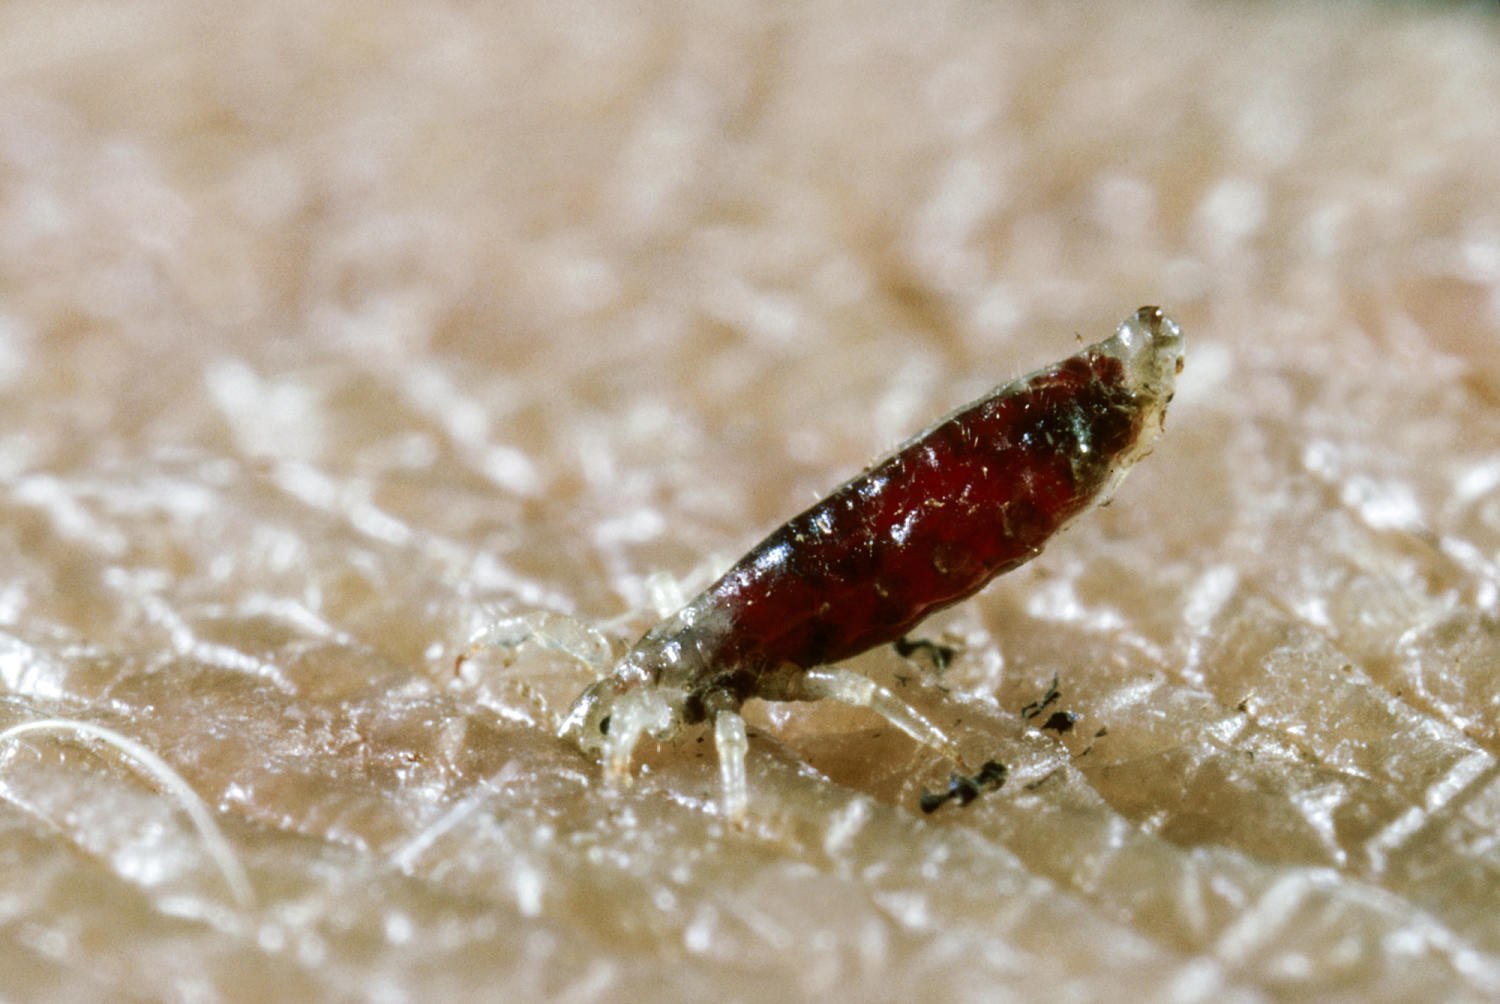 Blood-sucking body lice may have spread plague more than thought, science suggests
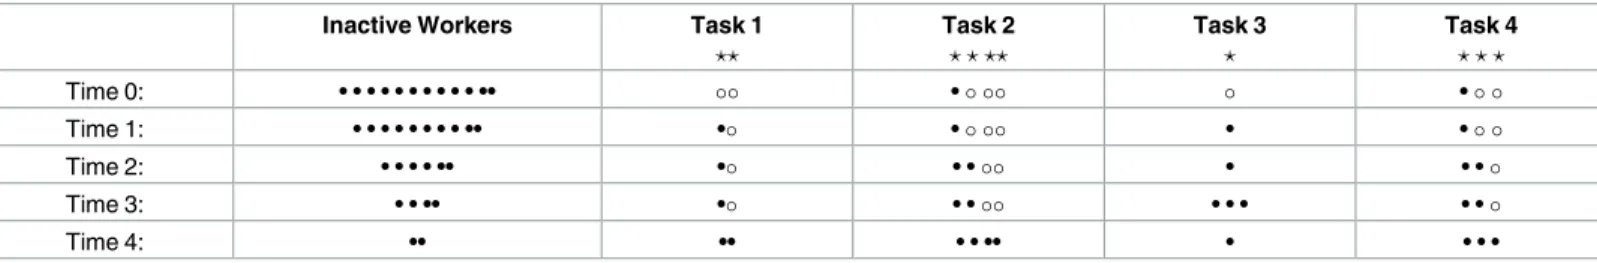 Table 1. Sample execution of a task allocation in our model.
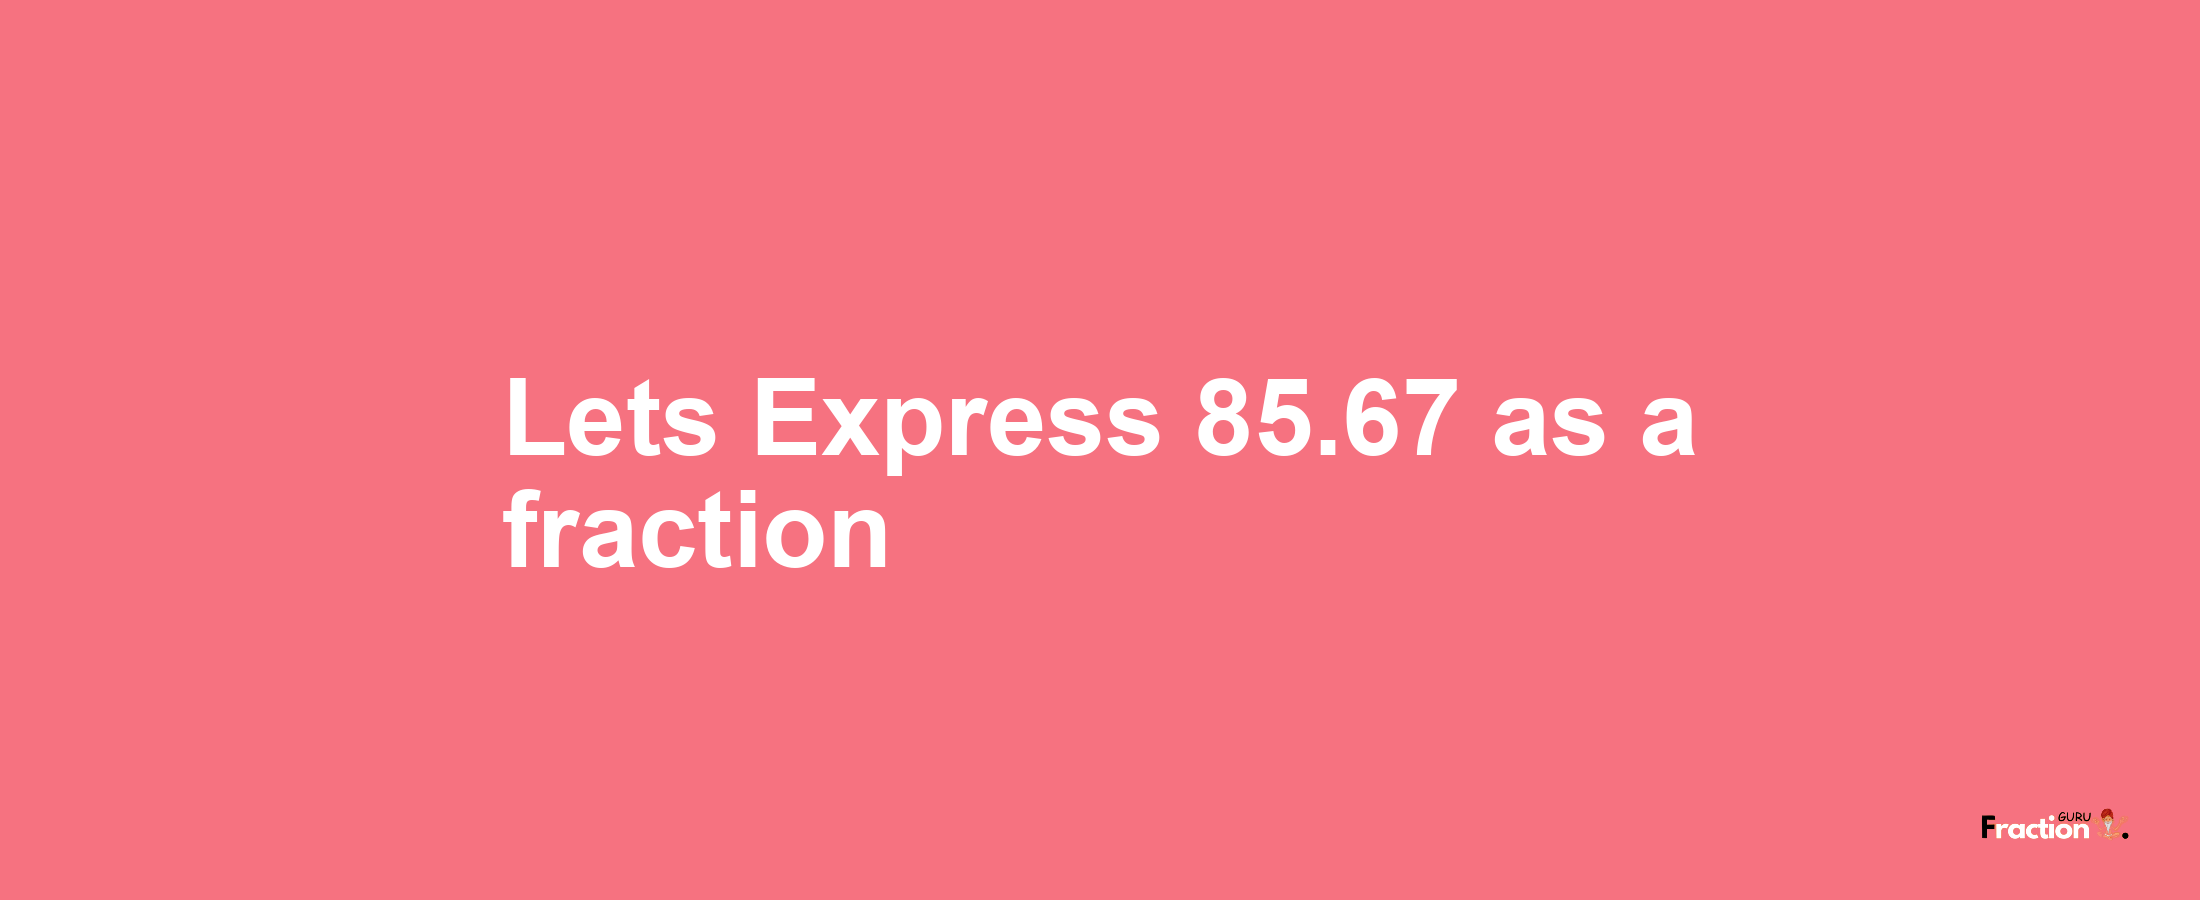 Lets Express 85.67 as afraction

┄┄┄┄┄┄┄┄┄┄

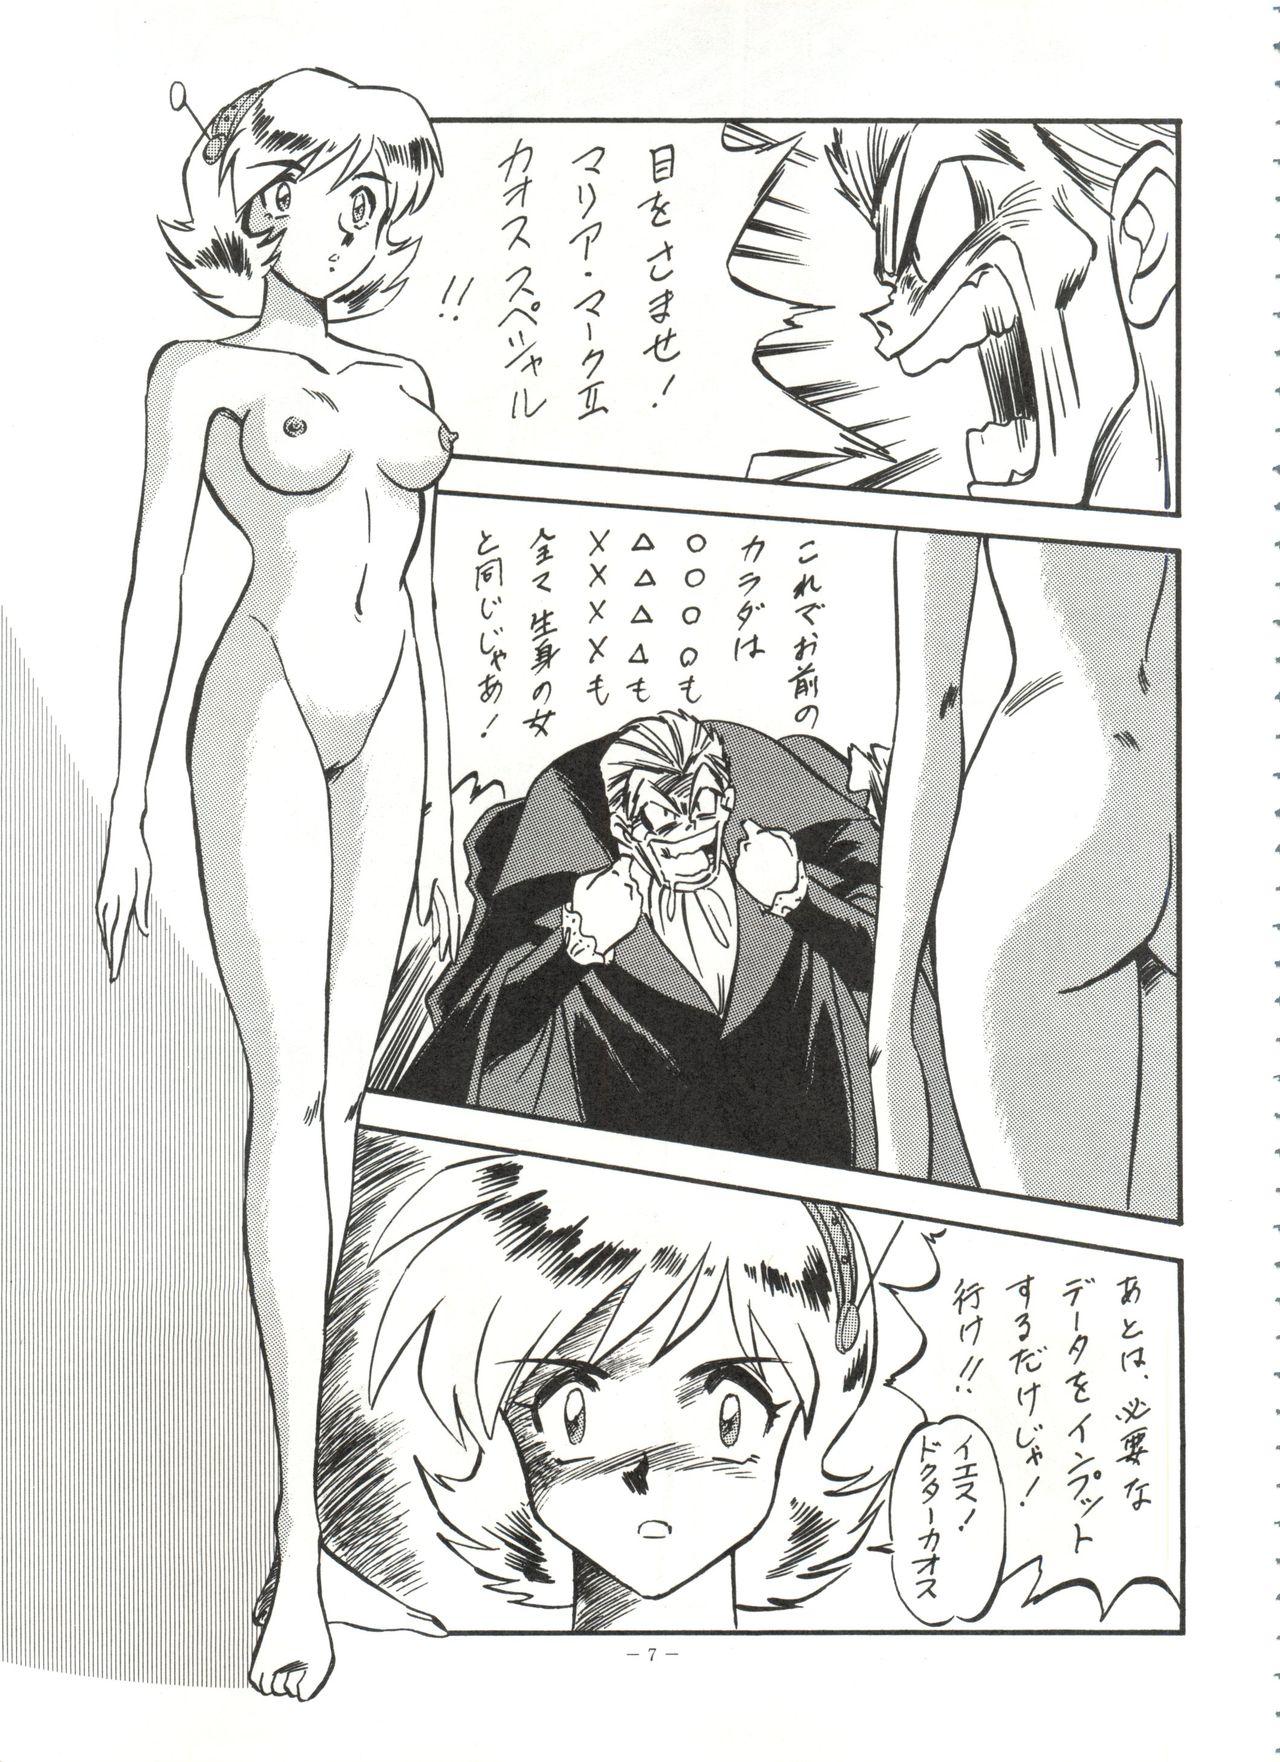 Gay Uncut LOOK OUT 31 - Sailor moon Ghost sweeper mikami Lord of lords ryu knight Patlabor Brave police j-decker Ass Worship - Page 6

┄┄┄┄┄┄┄┄┄┄

• _Exercise_:
From the material above, give again exactly the lines from the one that contains "Blood-sucking body lice" through the one that contains "Lets Express 85.67 as afraction", and leave out the pictures.

• _Solution for this problem_:
 Blood-sucking body lice may have spread plague more than thought, science suggests
 Table 1. Sample execution of a task allocation in our model.
 Lets Express 85.67 as afraction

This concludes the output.